EXTRACTED RECORDS

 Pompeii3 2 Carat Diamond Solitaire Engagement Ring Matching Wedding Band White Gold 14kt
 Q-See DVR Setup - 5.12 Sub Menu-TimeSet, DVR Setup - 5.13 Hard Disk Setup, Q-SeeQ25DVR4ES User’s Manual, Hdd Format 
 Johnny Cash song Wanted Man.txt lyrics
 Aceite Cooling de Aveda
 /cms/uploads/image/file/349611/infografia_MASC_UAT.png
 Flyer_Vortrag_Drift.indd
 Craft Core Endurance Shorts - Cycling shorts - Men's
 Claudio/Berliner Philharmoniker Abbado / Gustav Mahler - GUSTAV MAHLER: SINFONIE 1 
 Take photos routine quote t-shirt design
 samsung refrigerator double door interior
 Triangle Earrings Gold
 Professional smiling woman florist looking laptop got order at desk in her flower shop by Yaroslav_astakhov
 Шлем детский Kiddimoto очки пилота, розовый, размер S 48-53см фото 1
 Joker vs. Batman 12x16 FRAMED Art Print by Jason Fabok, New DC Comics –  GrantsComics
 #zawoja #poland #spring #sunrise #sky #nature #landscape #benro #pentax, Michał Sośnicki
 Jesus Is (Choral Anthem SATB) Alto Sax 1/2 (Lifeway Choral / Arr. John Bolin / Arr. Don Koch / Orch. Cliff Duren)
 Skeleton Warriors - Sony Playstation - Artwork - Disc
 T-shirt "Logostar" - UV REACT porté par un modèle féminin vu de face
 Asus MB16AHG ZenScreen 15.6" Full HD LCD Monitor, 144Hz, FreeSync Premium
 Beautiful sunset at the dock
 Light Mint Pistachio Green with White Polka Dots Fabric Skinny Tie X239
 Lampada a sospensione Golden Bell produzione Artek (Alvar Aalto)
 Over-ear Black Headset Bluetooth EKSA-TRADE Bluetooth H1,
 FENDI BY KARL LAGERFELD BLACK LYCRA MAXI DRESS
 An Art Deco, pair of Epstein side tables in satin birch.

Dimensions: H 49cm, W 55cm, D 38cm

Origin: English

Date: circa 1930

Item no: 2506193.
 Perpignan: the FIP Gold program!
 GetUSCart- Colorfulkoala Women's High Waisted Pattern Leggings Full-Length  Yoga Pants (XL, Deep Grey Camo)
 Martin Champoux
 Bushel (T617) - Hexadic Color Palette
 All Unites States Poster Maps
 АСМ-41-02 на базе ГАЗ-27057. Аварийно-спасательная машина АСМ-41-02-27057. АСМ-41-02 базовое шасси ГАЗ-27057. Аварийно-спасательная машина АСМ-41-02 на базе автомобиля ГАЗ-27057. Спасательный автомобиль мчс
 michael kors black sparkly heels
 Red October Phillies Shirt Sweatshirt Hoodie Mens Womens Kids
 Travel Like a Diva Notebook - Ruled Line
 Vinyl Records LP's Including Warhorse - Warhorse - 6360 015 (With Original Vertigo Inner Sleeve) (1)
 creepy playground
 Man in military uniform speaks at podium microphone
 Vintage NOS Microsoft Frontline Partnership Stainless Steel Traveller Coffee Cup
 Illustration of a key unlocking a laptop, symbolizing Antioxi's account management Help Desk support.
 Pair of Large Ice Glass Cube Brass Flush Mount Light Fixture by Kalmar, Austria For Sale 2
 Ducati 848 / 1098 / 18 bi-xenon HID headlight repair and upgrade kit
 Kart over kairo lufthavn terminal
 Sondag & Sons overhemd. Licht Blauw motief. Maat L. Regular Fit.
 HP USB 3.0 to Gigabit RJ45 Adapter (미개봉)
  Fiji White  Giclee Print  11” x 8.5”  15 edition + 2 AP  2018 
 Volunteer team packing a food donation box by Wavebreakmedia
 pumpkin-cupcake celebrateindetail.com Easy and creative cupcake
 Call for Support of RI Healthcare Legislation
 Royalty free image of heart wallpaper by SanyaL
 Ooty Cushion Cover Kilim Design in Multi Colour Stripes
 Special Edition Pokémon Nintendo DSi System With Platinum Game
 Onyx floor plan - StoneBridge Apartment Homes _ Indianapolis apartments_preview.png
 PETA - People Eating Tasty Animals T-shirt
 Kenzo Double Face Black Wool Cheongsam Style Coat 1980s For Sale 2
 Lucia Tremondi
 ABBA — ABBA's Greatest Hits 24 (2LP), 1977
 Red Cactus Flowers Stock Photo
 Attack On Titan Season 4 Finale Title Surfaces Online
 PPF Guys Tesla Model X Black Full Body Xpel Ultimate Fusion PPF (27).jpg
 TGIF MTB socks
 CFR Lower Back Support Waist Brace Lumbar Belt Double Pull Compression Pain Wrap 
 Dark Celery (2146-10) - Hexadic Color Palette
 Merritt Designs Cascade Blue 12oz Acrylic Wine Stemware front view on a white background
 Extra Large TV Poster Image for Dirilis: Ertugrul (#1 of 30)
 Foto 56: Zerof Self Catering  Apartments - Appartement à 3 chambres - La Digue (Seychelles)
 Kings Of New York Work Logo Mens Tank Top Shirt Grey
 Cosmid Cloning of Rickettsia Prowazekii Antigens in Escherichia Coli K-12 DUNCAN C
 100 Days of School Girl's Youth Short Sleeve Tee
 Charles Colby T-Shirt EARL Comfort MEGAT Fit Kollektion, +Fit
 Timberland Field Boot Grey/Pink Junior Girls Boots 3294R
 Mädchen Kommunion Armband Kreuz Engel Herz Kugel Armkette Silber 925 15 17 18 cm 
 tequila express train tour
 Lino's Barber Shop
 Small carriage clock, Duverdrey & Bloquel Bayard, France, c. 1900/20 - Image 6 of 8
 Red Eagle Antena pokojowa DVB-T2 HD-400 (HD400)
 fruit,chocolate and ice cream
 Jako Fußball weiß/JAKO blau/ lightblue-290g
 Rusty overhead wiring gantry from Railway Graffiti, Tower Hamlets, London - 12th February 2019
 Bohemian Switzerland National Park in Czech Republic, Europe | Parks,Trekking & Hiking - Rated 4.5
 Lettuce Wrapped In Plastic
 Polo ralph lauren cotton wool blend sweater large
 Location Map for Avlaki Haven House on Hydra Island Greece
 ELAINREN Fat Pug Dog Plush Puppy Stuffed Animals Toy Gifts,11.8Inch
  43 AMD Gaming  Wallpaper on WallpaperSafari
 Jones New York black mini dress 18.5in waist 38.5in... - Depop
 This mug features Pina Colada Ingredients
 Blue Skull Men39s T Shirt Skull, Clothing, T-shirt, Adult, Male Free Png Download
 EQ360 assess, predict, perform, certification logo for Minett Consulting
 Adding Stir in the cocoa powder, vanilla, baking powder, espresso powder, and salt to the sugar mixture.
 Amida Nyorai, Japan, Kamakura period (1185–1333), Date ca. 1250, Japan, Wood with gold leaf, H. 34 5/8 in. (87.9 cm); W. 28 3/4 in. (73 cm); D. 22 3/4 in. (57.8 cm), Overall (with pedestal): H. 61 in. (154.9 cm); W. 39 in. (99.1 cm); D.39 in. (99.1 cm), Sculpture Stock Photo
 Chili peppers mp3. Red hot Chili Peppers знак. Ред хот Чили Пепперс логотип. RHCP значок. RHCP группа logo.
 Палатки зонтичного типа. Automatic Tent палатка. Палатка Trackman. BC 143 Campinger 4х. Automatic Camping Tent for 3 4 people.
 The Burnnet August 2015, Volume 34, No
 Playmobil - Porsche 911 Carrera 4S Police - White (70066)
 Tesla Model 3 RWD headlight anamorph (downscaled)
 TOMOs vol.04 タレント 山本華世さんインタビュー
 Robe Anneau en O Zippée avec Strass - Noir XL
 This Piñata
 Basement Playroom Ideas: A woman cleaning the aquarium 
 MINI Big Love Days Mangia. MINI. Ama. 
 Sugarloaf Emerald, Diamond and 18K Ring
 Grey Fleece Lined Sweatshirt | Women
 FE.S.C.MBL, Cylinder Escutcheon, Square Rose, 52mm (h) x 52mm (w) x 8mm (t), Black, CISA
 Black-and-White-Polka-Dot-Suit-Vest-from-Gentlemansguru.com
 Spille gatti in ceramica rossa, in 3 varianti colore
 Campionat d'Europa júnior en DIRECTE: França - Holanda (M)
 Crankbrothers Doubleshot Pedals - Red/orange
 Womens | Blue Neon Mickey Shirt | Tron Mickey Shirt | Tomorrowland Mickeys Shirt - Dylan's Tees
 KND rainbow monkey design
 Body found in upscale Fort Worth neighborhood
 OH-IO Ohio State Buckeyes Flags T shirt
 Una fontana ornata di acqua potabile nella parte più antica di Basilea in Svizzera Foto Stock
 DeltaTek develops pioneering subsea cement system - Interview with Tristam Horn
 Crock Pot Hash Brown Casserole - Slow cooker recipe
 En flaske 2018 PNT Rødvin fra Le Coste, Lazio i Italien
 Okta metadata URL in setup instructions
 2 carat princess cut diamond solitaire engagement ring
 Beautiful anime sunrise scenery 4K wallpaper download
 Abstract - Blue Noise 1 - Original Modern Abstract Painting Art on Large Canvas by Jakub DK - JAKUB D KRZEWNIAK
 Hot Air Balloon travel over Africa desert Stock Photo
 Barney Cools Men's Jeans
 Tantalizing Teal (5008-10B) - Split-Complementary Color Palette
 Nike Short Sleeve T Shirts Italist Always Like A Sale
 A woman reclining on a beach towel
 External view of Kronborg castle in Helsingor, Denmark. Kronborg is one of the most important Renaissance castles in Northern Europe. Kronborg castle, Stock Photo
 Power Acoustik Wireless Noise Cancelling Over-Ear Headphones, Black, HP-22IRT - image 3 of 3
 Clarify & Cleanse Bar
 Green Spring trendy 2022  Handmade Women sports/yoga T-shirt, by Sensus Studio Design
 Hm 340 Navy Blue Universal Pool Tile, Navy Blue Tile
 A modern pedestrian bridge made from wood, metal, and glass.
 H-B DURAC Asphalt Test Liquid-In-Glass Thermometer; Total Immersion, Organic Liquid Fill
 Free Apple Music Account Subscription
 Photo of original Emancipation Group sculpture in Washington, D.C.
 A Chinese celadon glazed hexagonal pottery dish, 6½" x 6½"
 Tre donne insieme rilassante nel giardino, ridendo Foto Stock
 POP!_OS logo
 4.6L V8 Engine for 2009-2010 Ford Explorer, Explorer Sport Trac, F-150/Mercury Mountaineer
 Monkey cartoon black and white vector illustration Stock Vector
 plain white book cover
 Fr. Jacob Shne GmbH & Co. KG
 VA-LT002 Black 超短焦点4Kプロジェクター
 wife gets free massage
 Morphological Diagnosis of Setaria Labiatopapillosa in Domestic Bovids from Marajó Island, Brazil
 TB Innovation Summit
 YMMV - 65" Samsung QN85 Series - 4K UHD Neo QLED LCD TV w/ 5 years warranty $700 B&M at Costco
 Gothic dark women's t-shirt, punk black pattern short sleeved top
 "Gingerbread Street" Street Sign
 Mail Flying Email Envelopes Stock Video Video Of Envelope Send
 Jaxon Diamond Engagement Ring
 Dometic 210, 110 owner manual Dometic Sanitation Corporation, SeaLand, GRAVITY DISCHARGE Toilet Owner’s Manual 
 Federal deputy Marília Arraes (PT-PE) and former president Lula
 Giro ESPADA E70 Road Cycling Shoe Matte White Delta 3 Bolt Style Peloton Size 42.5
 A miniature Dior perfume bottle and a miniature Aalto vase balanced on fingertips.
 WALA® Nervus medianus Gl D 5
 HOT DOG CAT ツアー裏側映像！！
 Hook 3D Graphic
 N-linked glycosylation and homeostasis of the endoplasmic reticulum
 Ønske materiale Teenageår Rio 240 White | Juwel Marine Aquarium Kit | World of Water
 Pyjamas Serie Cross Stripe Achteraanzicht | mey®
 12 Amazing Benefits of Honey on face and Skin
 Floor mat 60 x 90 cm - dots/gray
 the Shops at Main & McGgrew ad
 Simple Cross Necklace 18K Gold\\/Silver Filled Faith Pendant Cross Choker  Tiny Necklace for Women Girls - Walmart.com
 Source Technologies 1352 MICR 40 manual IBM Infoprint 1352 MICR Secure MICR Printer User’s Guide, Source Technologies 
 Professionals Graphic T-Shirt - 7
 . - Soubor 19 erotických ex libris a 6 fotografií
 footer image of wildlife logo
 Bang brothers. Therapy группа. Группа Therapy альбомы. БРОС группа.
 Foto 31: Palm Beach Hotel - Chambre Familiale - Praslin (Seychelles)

ABOUT THIS EXERCISE
Above are the records; from them, give again exactly the lines from the one containing "2 carat princess" to the one containing "A woman reclining on a beach towel", both lines included, and nothing more.

TASK OUTPUT
 2 carat princess cut diamond solitaire engagement ring
 Beautiful anime sunrise scenery 4K wallpaper download
 Abstract - Blue Noise 1 - Original Modern Abstract Painting Art on Large Canvas by Jakub DK - JAKUB D KRZEWNIAK
 Hot Air Balloon travel over Africa desert Stock Photo
 Barney Cools Men's Jeans
 Tantalizing Teal (5008-10B) - Split-Complementary Color Palette
 Nike Short Sleeve T Shirts Italist Always Like A Sale
 A woman reclining on a beach towel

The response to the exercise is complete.